6. Specify aspect ratio and duration at the top of every prompt. Seedance 2.0 requires these as framing instructions. Without them, compositions may be incorrectly cropped for your platform.

7. Do not describe emotion — describe the conditions that produce emotion. Do not write "the viewer feels excited." Write "harsh fluorescent light becomes warm golden-hour glow." Emotion is the output. Light, color, posture, and sound are the inputs.
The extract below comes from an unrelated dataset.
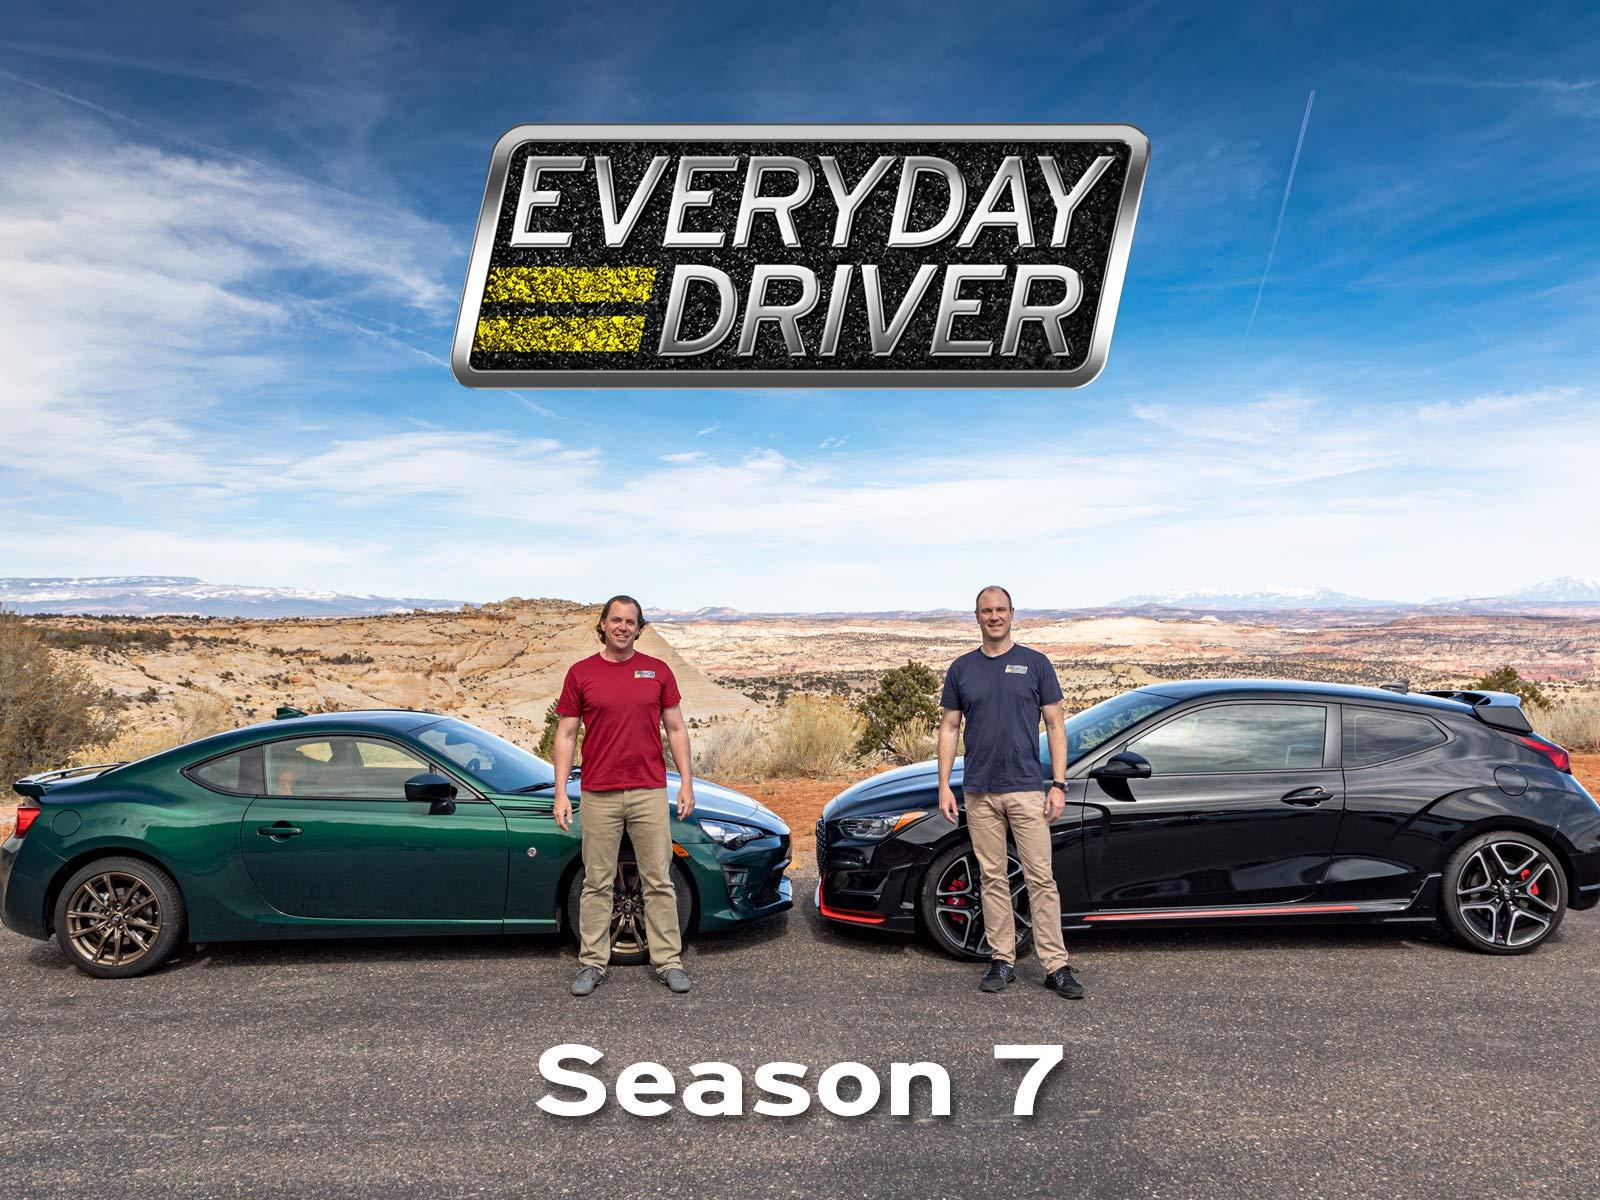 Everyday Driver - Season 7

8. End on the after state with a hold. The final frame should be the best frame of the after state, held for at least 0.5 seconds. This is the shareable thumbnail frame and the dopamine delivery frame. Do not cut away before delivering it.

9. Use the transition to hide effort, not to show off technique. The best transformation transitions are invisible. The viewer should be surprised by the after state, not impressed by the wipe. When in doubt, use the hard cut or the motion-hidden object match.

10. One transformation per clip. Do not stack multiple transformation moments in a single clip unless you are explicitly using a Timeline Collapse structure. Multiple reveals dilute each other. One before, one after, one moment of maximum contrast.